The “undoubtedly mild and uneven” growth was due to a pickup in private consumption and government spending during the October-December quarter, the agency said in a report on Tuesday.

“This pickup benefitted from the continued unlocking of the economy, uptick in consumption during the festive season, as well as higher Central government spending,” said Aditi Nayar, the agency’s principal economist.

While nearly all leading indicators tracked by ICRA showed improvements in volume terms, the figures also benefited from a low base effect of the corresponding period in the previous fiscal, she said.

“The outliers that continued to contract in Q3FY2021 included sectors such as aviation, reiterating that the contact-intensive portion of the economy will take longer to recover,” Nayar added.

Apart from the festive season boost to private spending, central government expenditure supported the positive growth for the quarter as capital expenditure and net lending increased by a significant 118% in Q3FY21, in contrast to the contraction of 39% in the previous quarter, ICRA said.
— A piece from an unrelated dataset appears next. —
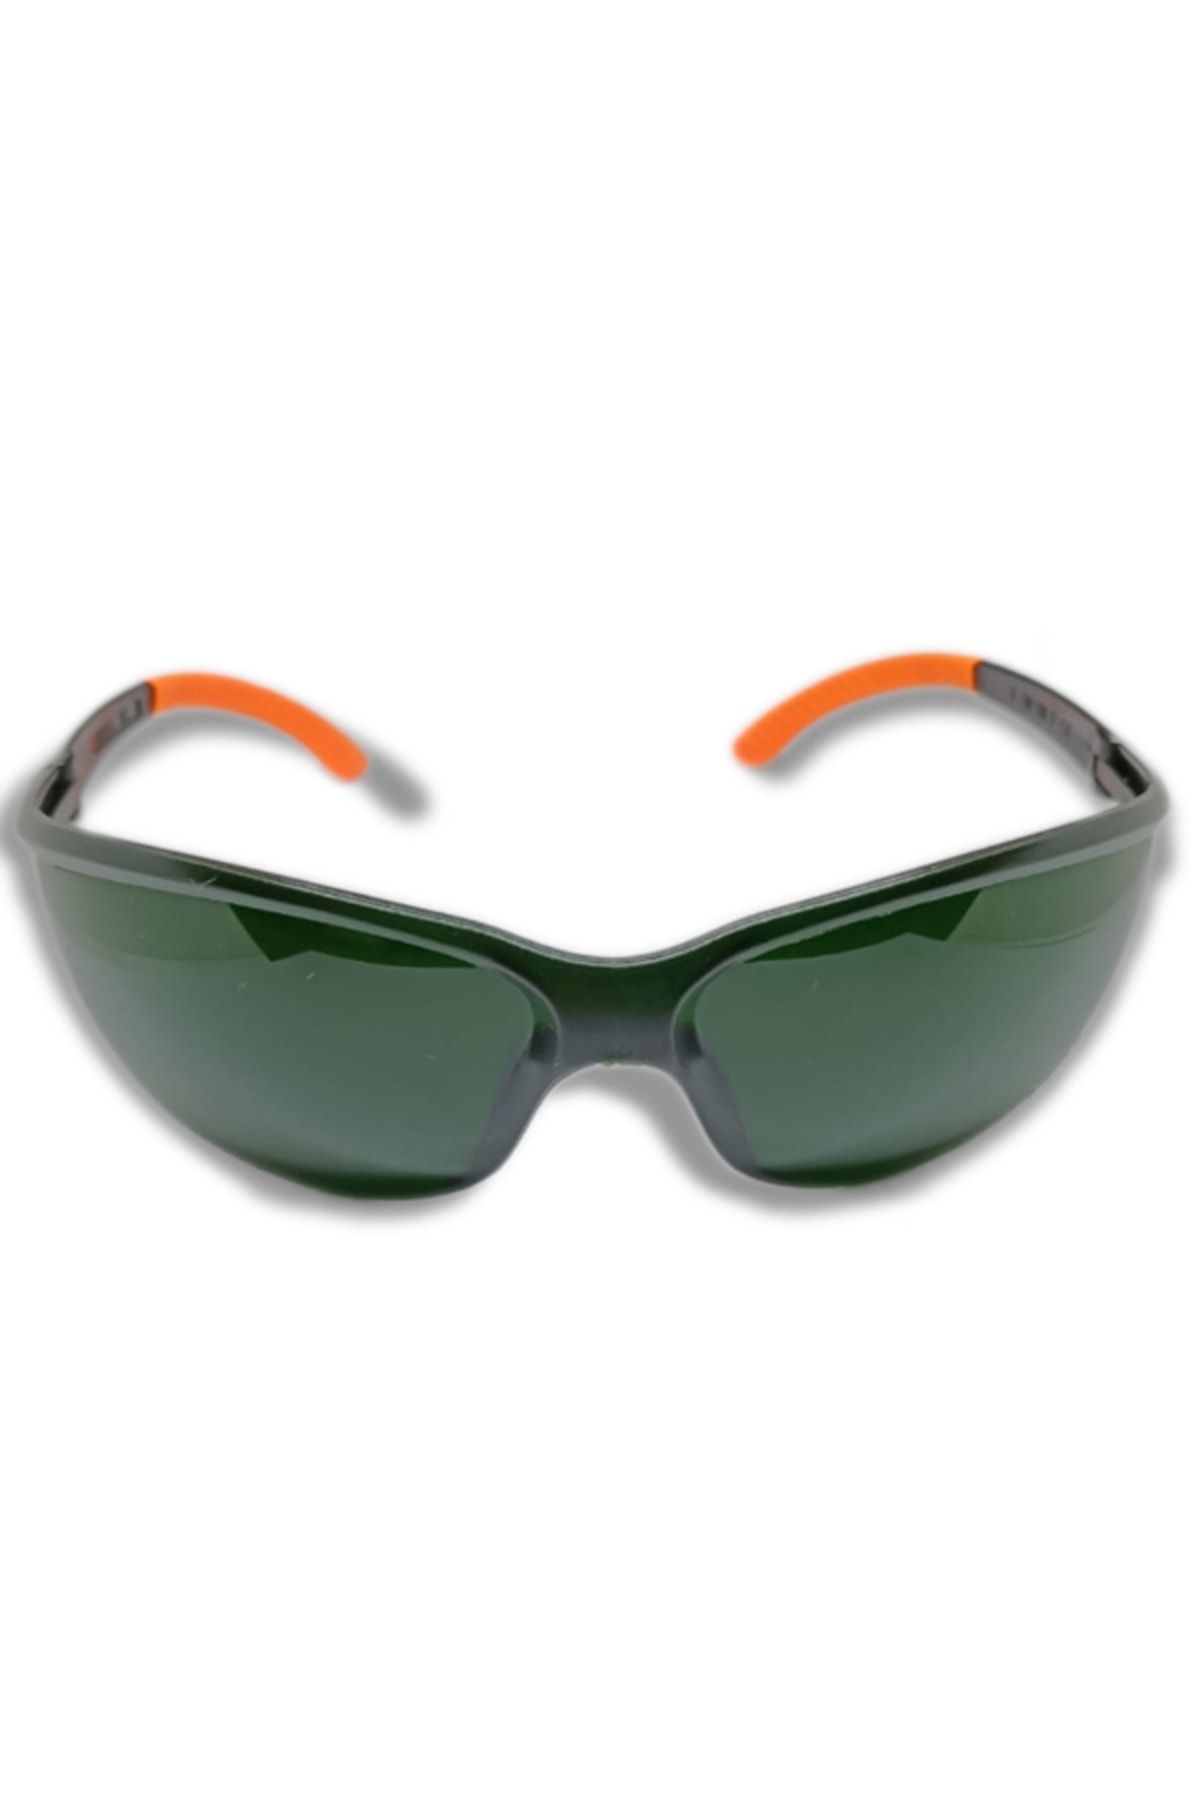 ARMONİKONYA Sport Yeşil Ipl Lazer Uygulama Epilasyon Gözlüğü Mavi Işın Koruyucu Gözlük Göz Koruyucu Lazer
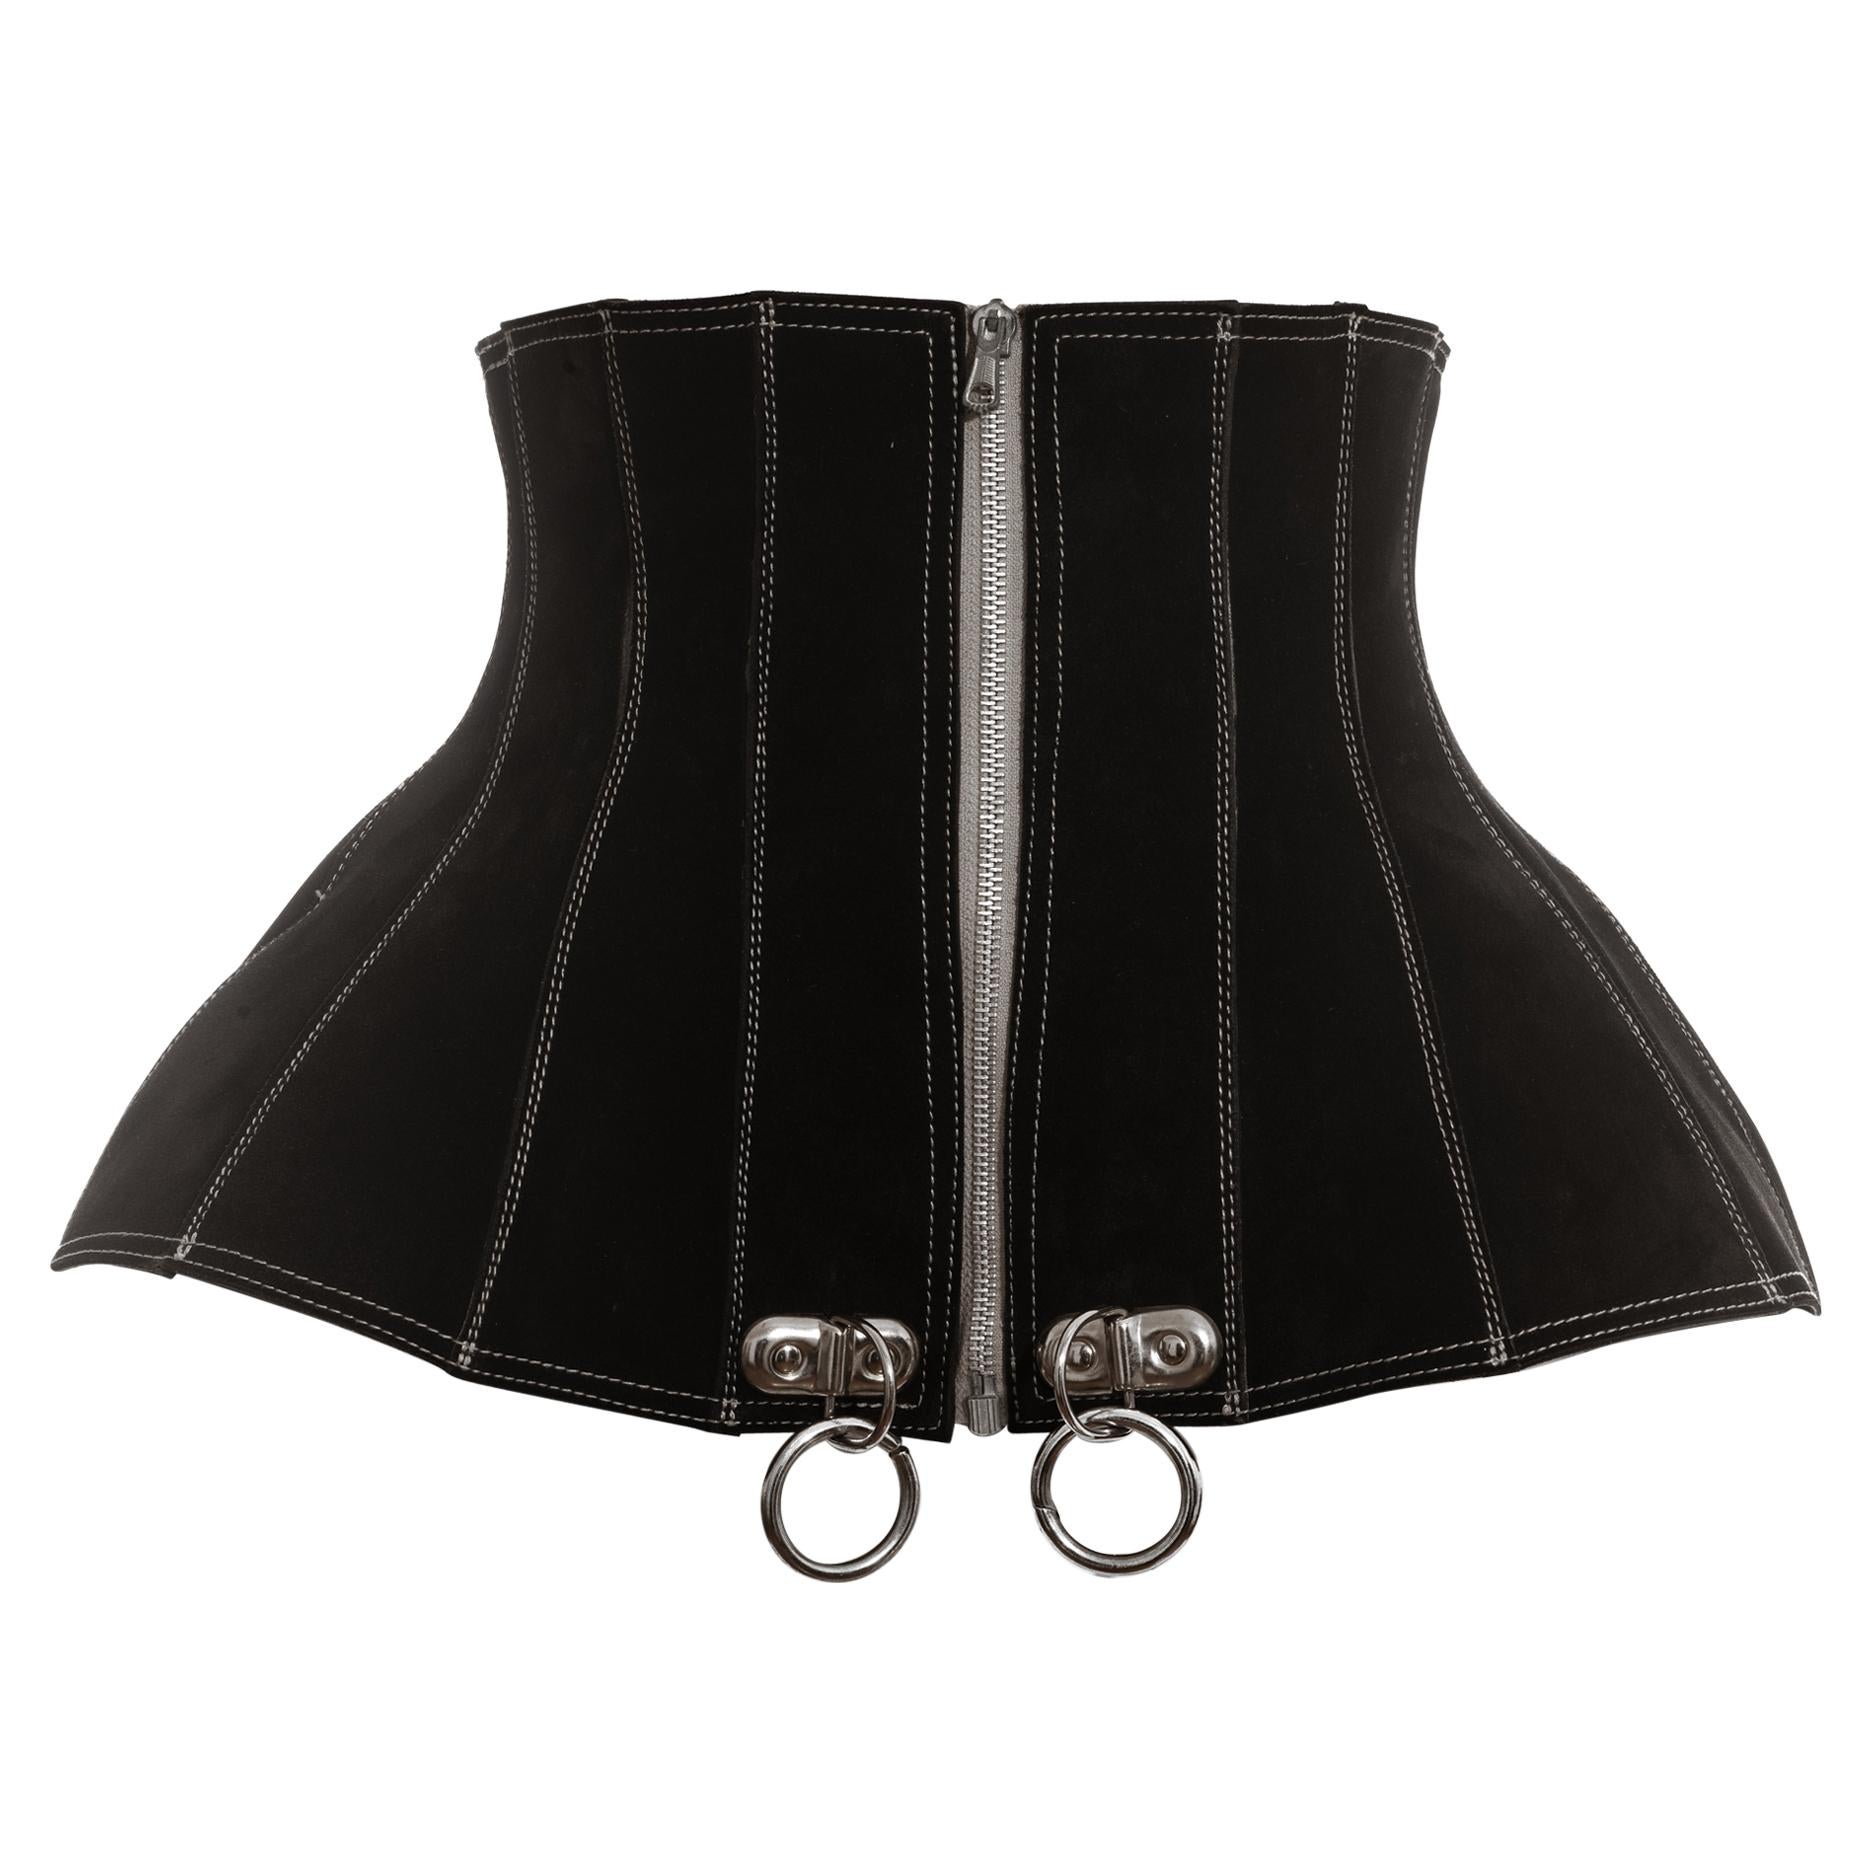 Jean Paul Gaultier black suede zip up corset, fw 1987

India’s economic contraction moderated sharply to 7.5% in the second quarter of the current fiscal after recording a record 23.9% gross domestic product shrinkage in the first quarter of FY21.

On the other hand, the capital outlay of 19 states including Andhra Pradesh, Gujarat, Uttar Pradesh, Haryana, Karnataka, Kerala, Madhya Pradesh, Odisha, Punjab, Rajasthan and Telangana fell 14% in Q3FY21 after a massive 42% decline in the previous quarter, the report said.

Highlighting the uneven nature of the recovery, the formal part of the Indian economy was gaining traction at the cost of the smaller and less formal segment, the report said.

This is hastening the process of the formalisation of the economy and contributing to a consolidation in favour of the larger and more reputed players in certain sectors,” Nayar said.